Jeudi 11 novembre, le Mexique a connu un journée appelée à rester gravée dans l’histoire. María José Alcalá (photo ci-dessus), 49 ans, une ancienne plongeuse sélectionnée à quatre reprises aux Jeux d’été entre Séoul 1988 et Sydney 2000, a été élue à la présidence du comité national olympique. Une première en 98 ans d’existence de l’instance.
La victoire de María José Alcalá a été franche et sans nuance. A la tête d’une liste intitulée « Voy por México », elle a obtenu 87 voix, contre 46 bulletins pour sa rivale, elle aussi féminine, Norma Olivia González. Elle succèdera à Carlos Padilla Becerra, président du comité olympique mexicain depuis neuf ans.
Le résultat est historique pour le sport mexicain, mais pas seulement dans son résultat. Pour la première fois, deux femmes se disputaient la présidence. Pour la première fois, également, le scrutin s’est déroulé à bulletins secrets, et non plus à mains levées. L’élection a été organisée en présence d’un témoin envoyé par le CIO, Peré Miró, le directeur général adjoint de l’instance, invité par les dirigeants mexicains à superviser le processus électoral et en attester de la transparence.
María José Alcalá, titulaire d’une licence en droit, d’un master en administration publique et d’un master en organisations sportives, est une habituée des joutes électorales. Elle a été élue à la Chambre des députés, où elle préside la commission des sports.
Hasard du calendrier : la victoire de l’ancienne plongeuse mexicaine est intervenue la même semaine où une autre femme à écrit l’histoire du mouvement olympique de son pays. L’ex judoka Yael Arad, 54 ans, première médaillée olympique depuis la création de l’Etat d’Israël (elle a décroché la médaille d’argent dans la catégorie des 61 kg aux Jeux de Barcelone en 1992), est devenue dimanche 7 novembre la première présidente du comité national olympique israélien. Elle était la seule candidate en lice pour le poste suprême.

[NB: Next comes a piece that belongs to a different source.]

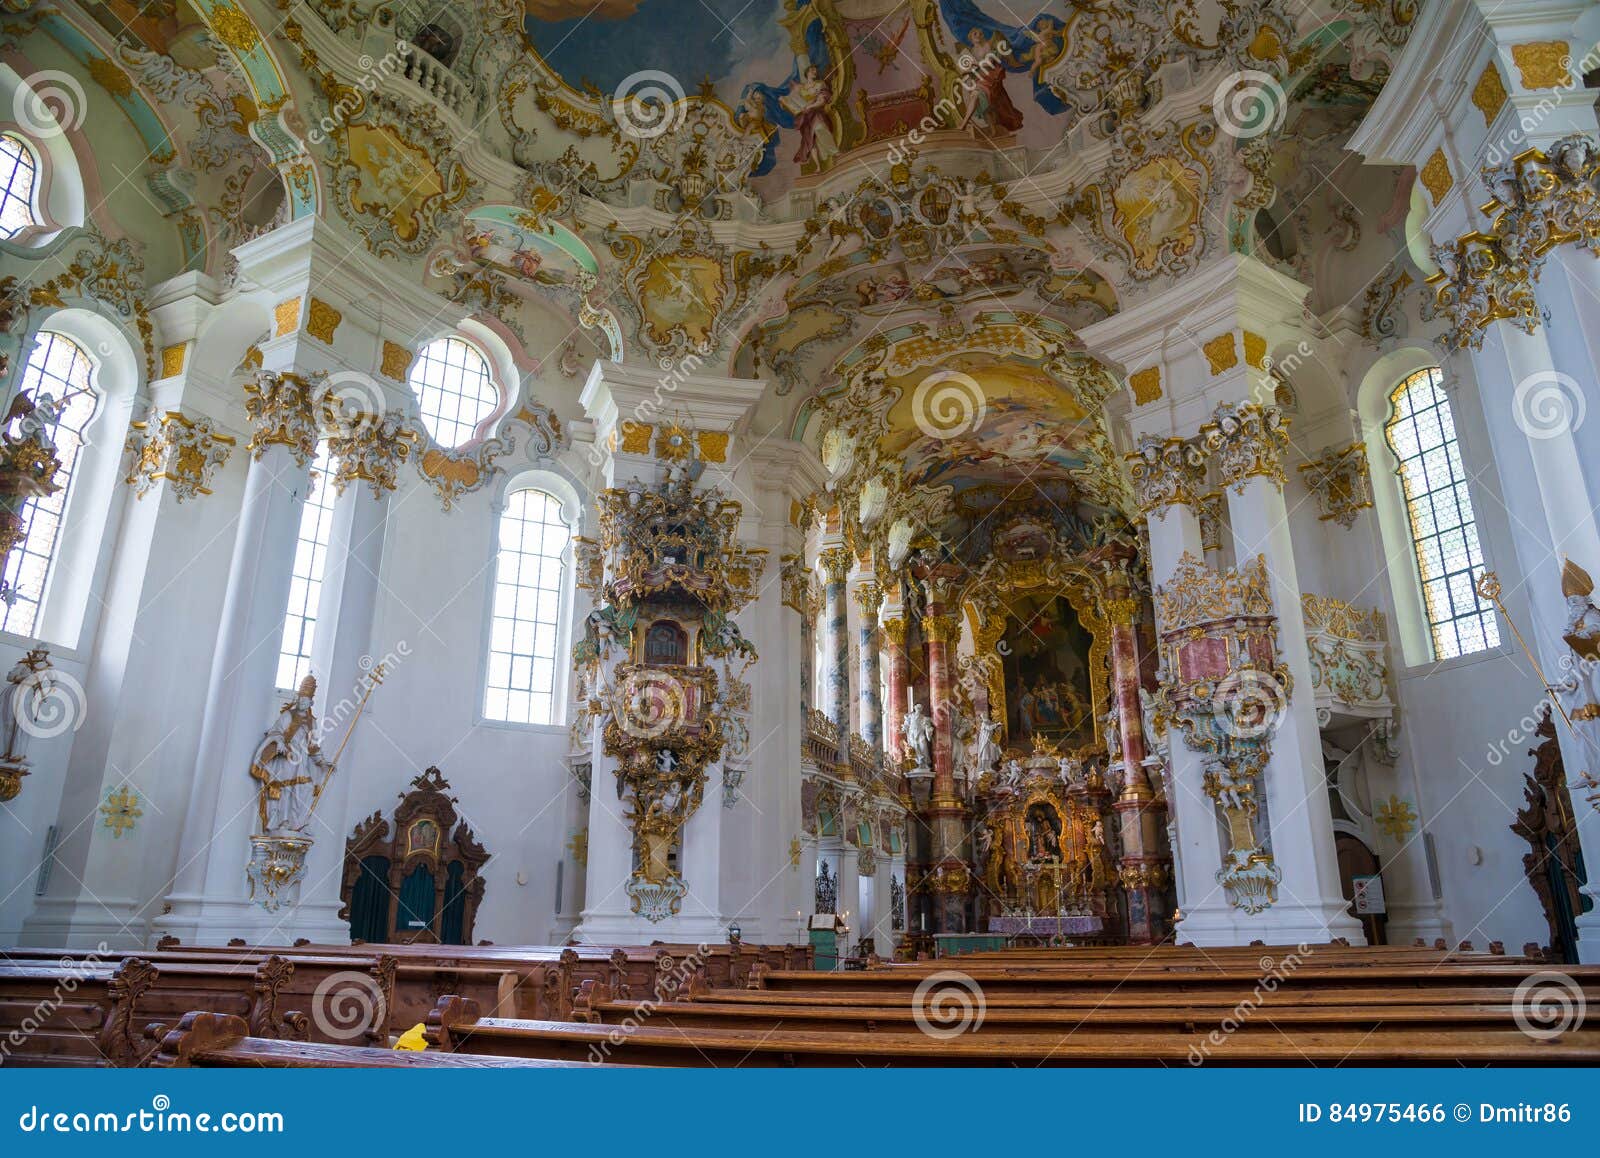 Pilgrimage Church of Wies. Interior View. Bavaria, Germany. Editorial Photo  - Image of baroque, sculpture: 84975466

Cette double victoire des femmes dans des comités nationaux olympiques n’a rien d’anecdotique. Elle confirme une tendance révélée notamment en France, avec le succès en juin dernier de Brigitte Henriques dans la course à la présidence du comité national olympique et sportif (CNOSF). Vice-présidente de la Fédération française de football (FFF), ancienne joueuse internationale, elle s’est imposée au premier tour de scrutin, avec 57,87 % des suffrages exprimés, face aux trois autres candidats : Thierry Rey (19,26 %), Emmanuelle Bonnet-Oulaldj (16,05 %), et Patrice Martin (6,82 %).

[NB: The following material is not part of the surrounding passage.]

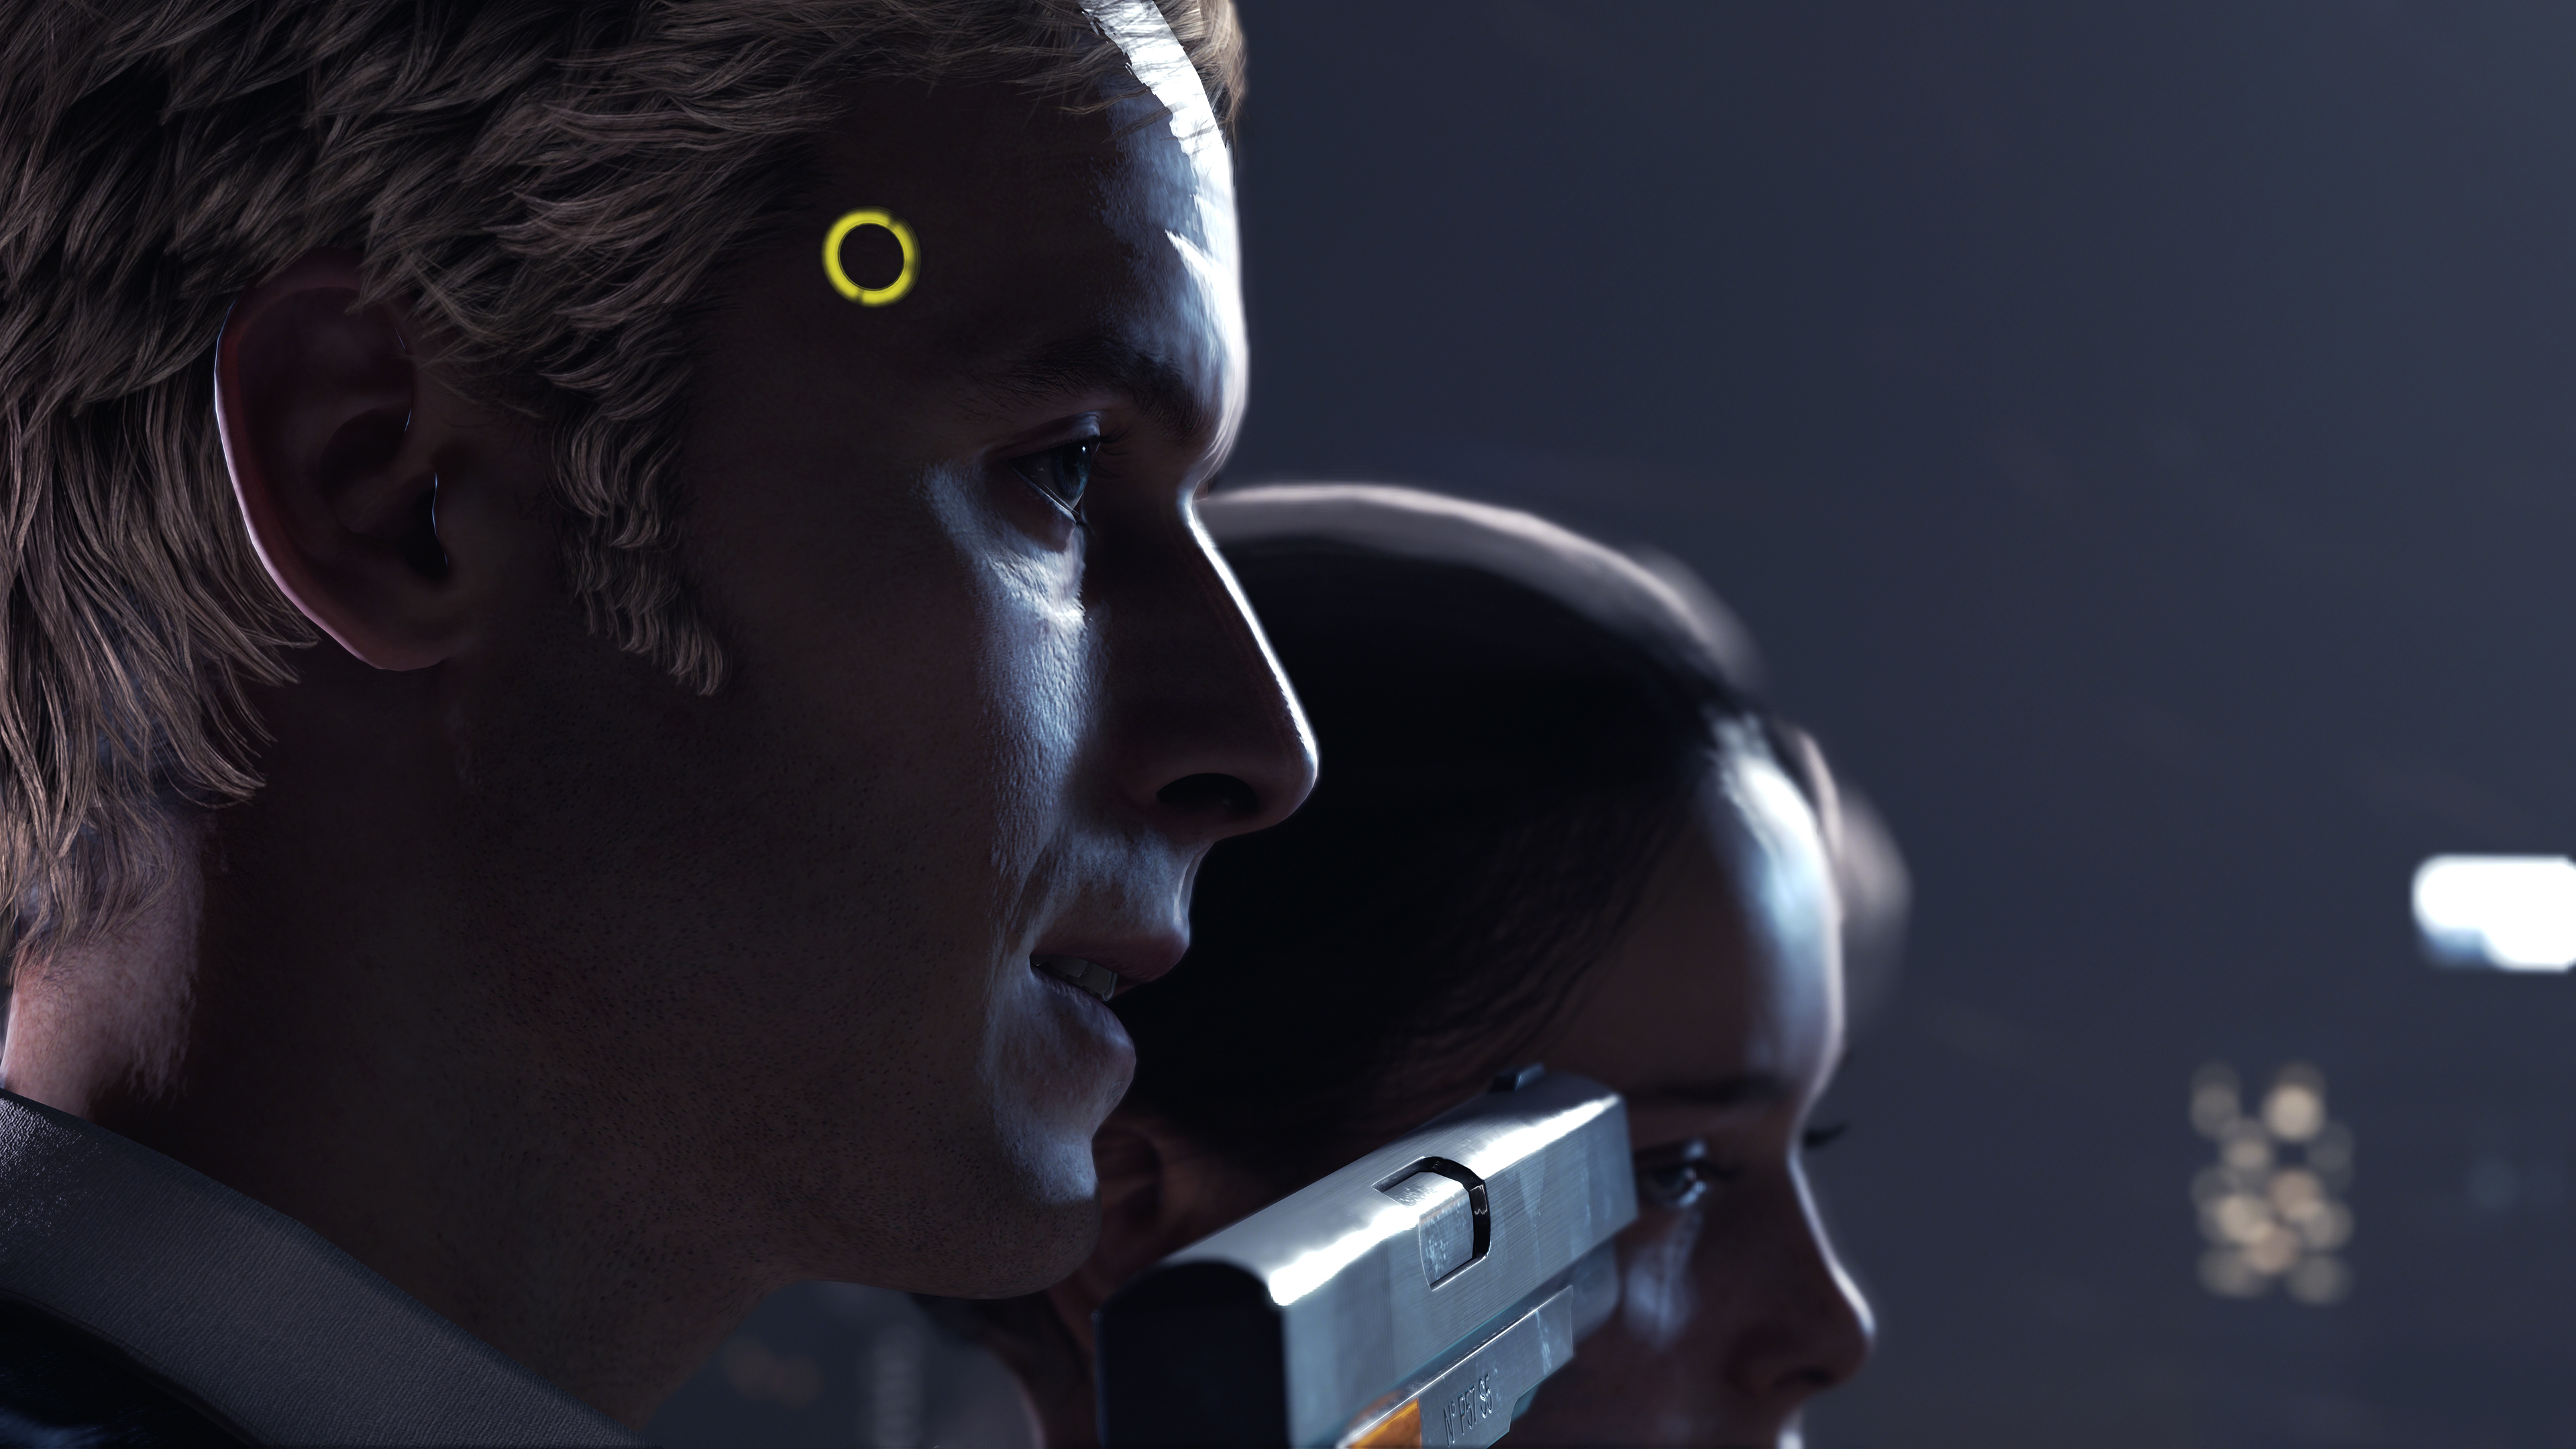 E3 2016: Detroit: Become Human shows off gameplay

Comme au Mexique et en Israël, la victoire de Brigitte Henriques à la présidence du CNOSF a été historique. Les trois élections confirment une tendance forte dans le mouvement olympique : les femmes ne restent plus à la porte, elles tentent leur chance. Surtout, elles l’emportent.

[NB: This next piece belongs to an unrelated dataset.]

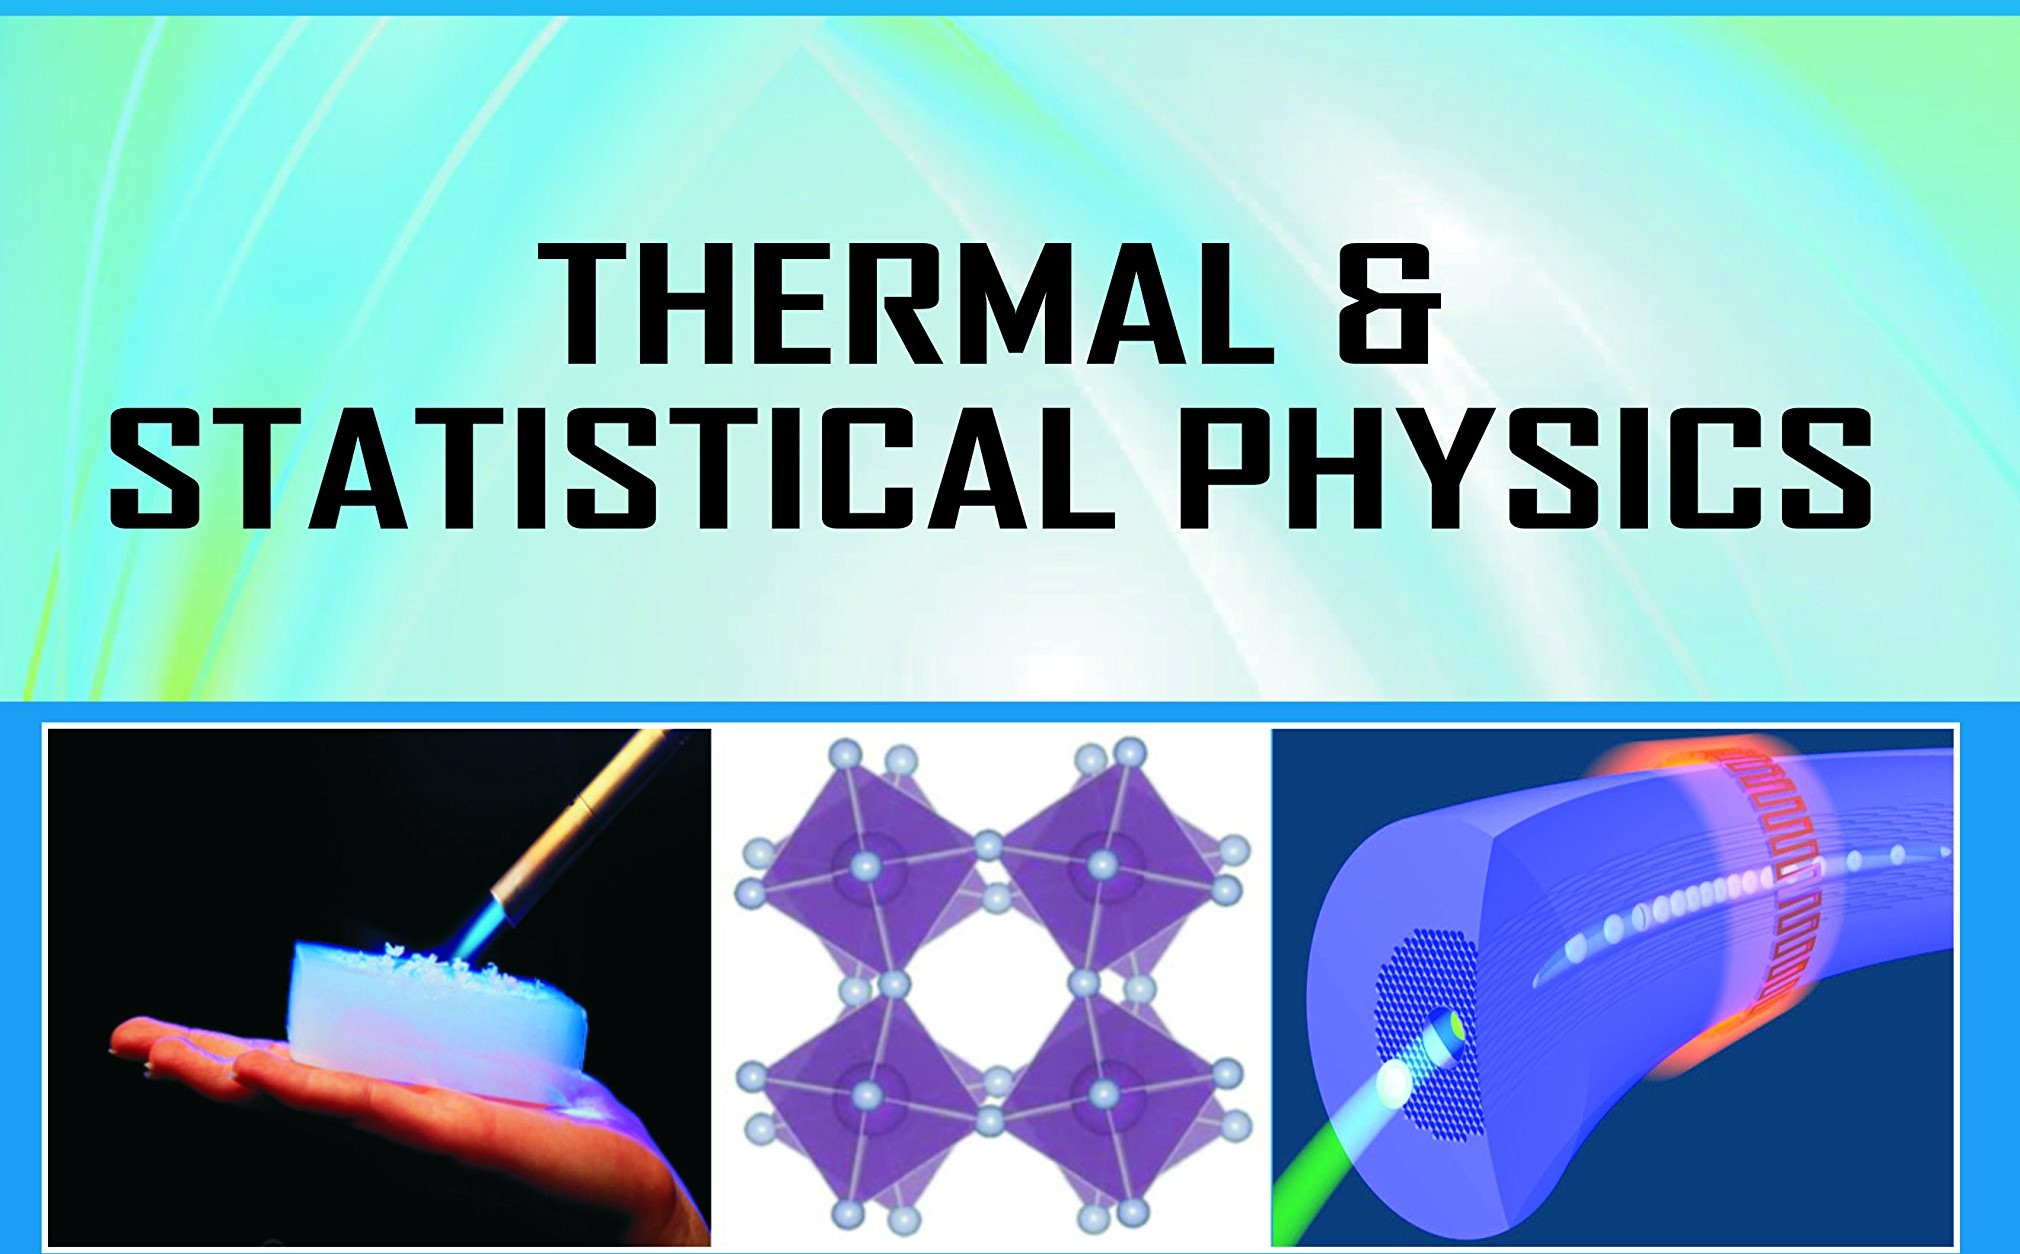 THERMAL AND STATISTICAL PHYSICS

Le phénomène n’est pas nouveau. Deux des comités nationaux olympiques les plus puissants au monde sont déjà passés dans le giron des femmes. L’ancienne rameuse Tricia Smith, membre du CIO, préside le Comité olympique canadien (COC) depuis 2015 et la démission forcée de Marcel Aubut, accusé de harcèlement sexuel. Aux Etats-Unis, Susanne Lyons préside le comité national olympique et paralympique (USOPC) depuis janvier 2019. Elle a succédé à Larry Probst.
Le phénomène peut-il pendre de l’épaisseur ? Probable. La récente élection au CNOSF, où deux des quatre candidats étaient des femmes, a démontré que les dirigeantes sportives ne rechignaient plus à se lancer dans la bataille. La tendance ne s’inversera plus.
En Belgique, l’ex pongiste Jean-Michel Saive a dû écarter une rivale féminine, l’ancienne judoka Heidi Rakels, pour succéder à Pierre-Olivier Beckers à la présidence du comité olympique et interfédéral (COIB).
En Allemagne, l’ancienne escrimeuse Claudia Bokel, ex présidente de la commission des athlètes du CIO, se présente le mois prochain à la tête du comité national olympique (DOSB). Elle n’est pas donnée favorite, mais sa victoire s’inscrirait dans le cours de l’histoire.